LONDON, Aug 6 (Reuters) - Miner and trader Glencore ( GLCNF )
said on Wednesday that its long-term strategy could
involve the sale of its 16.4% stake in enlarged global
agribusiness Bunge Global ( BG ) some time in the future.
Glencore ( GLCNF ) became the owner of the 16.4% stake after Bunge
closed a long-delayed deal to merge with Glencore ( GLCNF )-backed grain
handler Viterra in July, two years after announcing the $34
billion mega-deal.
"The agriculture business is not necessarily consistent with
our business model," Glencore ( GLCNF ) CEO Gary Nagle told a media call
on Wednesday after the company released its first-half financial
results. "Having a 16.4% shareholding in Bunge is probably not
something that would be for Glencore ( GLCNF ) in the long term."

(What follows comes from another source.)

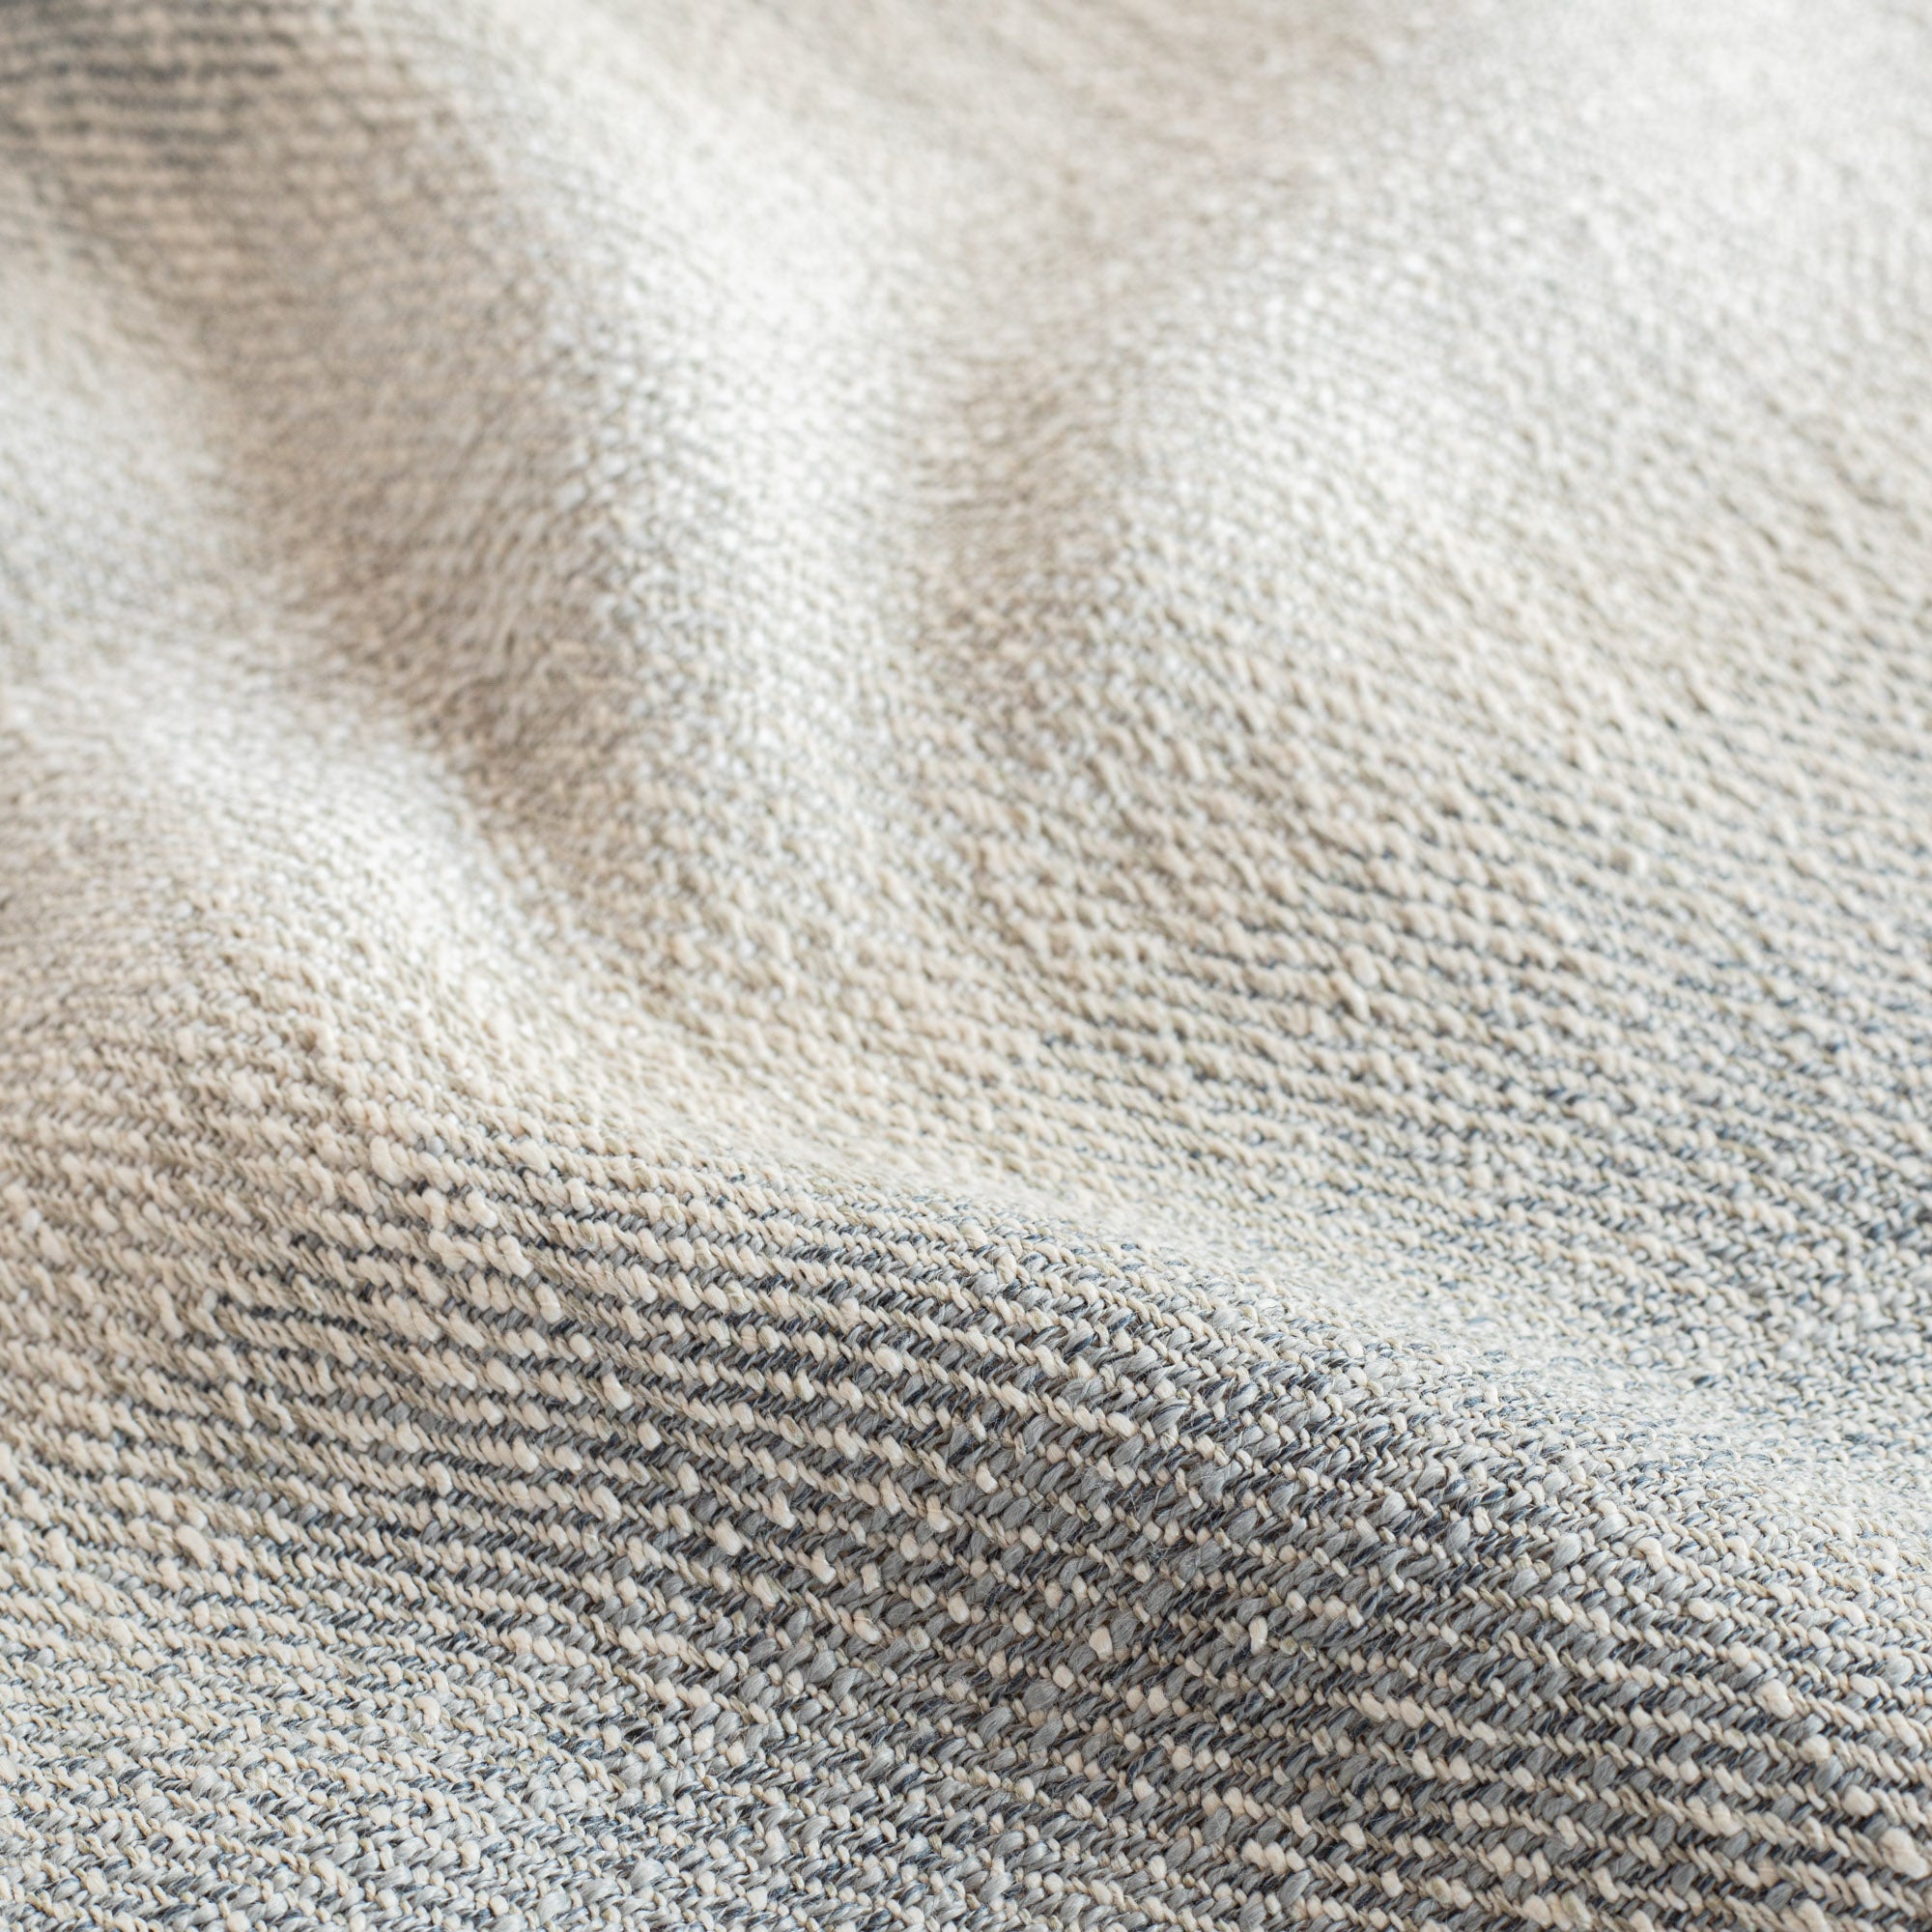 a denim blue and sandy gray ombre stripe home decor fabric

He added that this did not mean Glencore ( GLCNF ) would be in a rush
to sell the stake, and if it ever decided to do that "we would
do it in absolute collaboration and conjunction with Bunge, its
board and its management".
The merger with Viterra enhanced Bunge's grain exporting and
oilseed processing businesses in the United States and expanded
Bunge's export capacity and physical grain storage and handling
footprint in major wheat suppliers Canada and Australia,
according to analysts.
Glencore's ( GLCNF ) aim is to maximise the value of this investment,
while the possible "exit of that at some stage in the future
would be done very smartly and carefully to ensure that we
preserve that value," the CEO added.
Glencore ( GLCNF ) said on July 2 that its 16.4% stake in enlarged
Bunge had a market value of $2.6 billion at the deal close, and
that those shares were viewed by the miner as a surplus capital.